For goodness sake- stop with the gun-nerd, mall cop ninja wannabe crap and stop hanging crap off your shotgun. You do not need the following items:
1) a twelve shot magazine tube.
2) a pistol grip
3) a flashlight
4) a laser
5) a bayonet
6) and almost any other accessories with the label"tactical" or "zombie" in the advertising.
A plain vanilla shotgun. And buckshot. That'll do. I got no qualms with a short barrel or a long one- your preference and in most instances it'll make no difference in use at all. A short barrel is easier if you're working around farm vehicles or inside a structure and I have been fond of the 20" smoothbore version with rifle sights that Remington (and others) make for deer hunting. Several makers have produced "combos" for the budget minded hunter- usually including a longer 26" or 28" bird barrel and a 20" deer barrel with some form of open sights. That's a pretty nice combo.

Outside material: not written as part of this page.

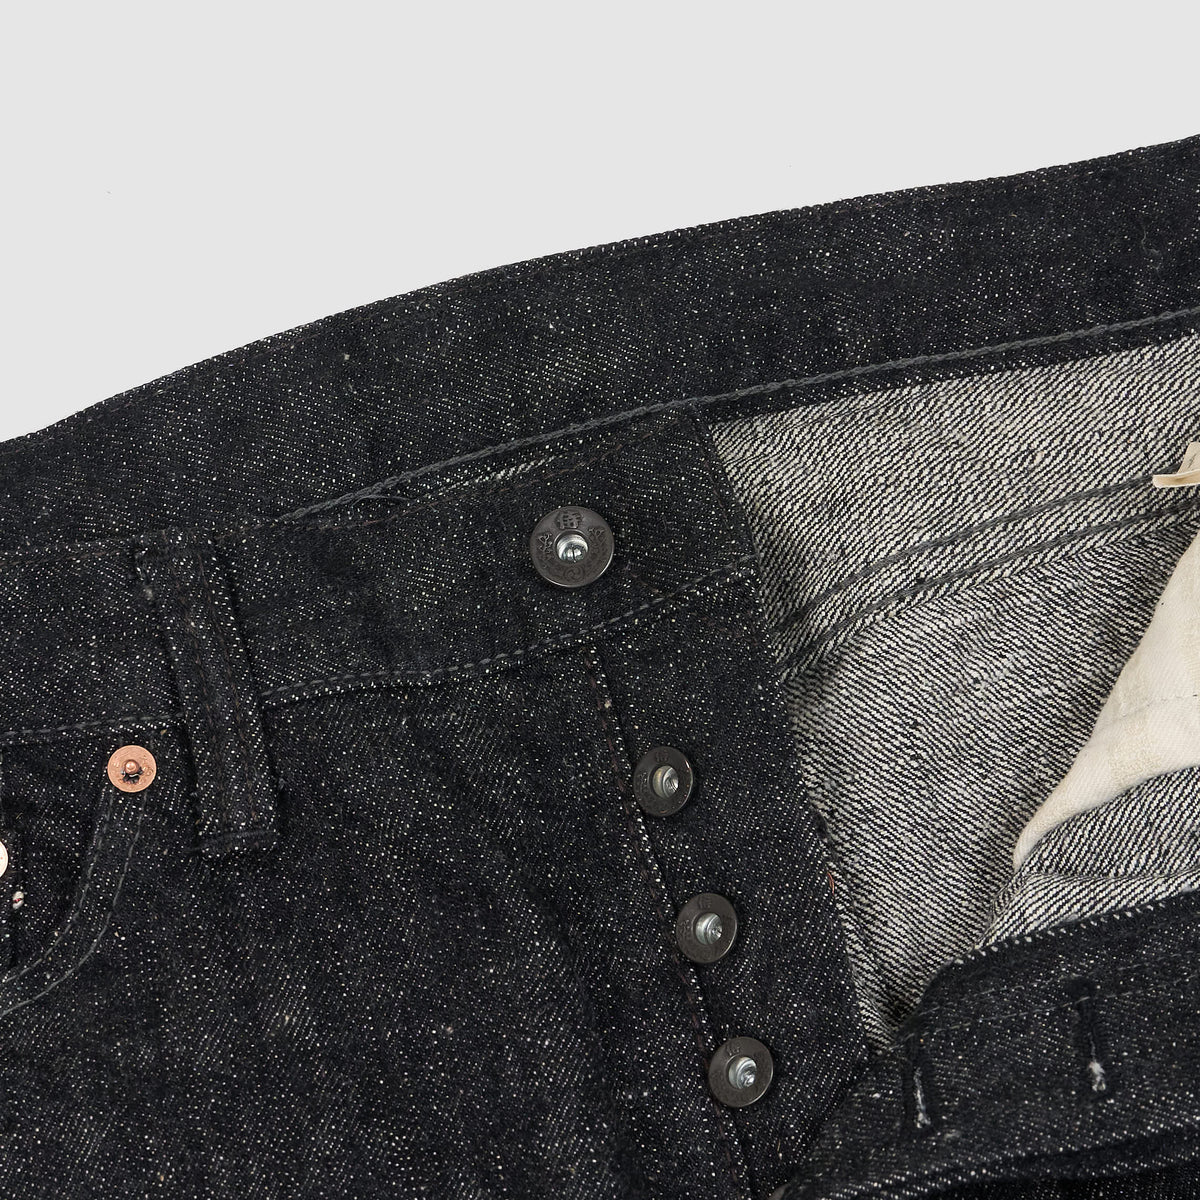 Samurai 5-Pocket Black Denim Selvage Jeans &quot;Model Zero&quot; 17oz

I did get one inquiry specifically asking about the AR-15 variants. I've expressed my utter disdain for the AR platform before and in a self defense role I just don't see it as better than (or even equivalent to) a shotgun. I'll make no friends with the statement- but I find the proliferation of high power rifles for defensive use disturbing and I don't care one whit whether it's in the hands of a private citizen or a police officer. A rifle is a tool of offense in my book- the basic tool of armies, hunters, et al.- and it bothers me a little to see a black carbine riding around in an urban squad car. Call me old fashioned, but the "riot gun" is a real cop's tool and I don't care for the melding of policeman and soldier in our society. In the hands of a citizen as a defensive tool it's been the darling of the shooting world for a while and everyone is touting it's advantages. Most of which make me form little noises that sound like "humph".
For a defensive rifle I think the old school concept of lever action carbines chambered in pistol cartridges make more sense. The longer barrel gives the ammo a little more steam but the real advantage is the added sight radius. A little Marlin carbine or Winchester Trapper in .357 or .44 (or 38-40, etc) makes an efficient combination that's easy to handle and easy to shoot as compared to a pistol. I know it's fallen out of favor in recent years, but it works and is reasonably easy to master.
For handguns, I tend to think they're more about placebo effect than real benefit. A lot of folks sleep better at night knowing one is in the bedside table and I guess I got no real beef with that but several years of watching people shoot handguns under pressure leads me to think that most people overestimate their ability by a sizable factor. Becoming a proficient hand gunner takes a lot of time and a lot of ammo and most folks just don't take the time and make the effort to get there. Case in point- there are numerous true legends of police officers (who receive more training than the average citizen albeit minimal) and bad guys exchanging volumes of fire in hallways and other crowded areas without hitting anything. A lot of police shootings involves far more missing than hitting so perhaps the handgun's best attribute is portability more than anything else. Interestingly, citizen self defense shooting tends to have a higher hit ratio- which I largely attribute to "home field advantage" and closer range.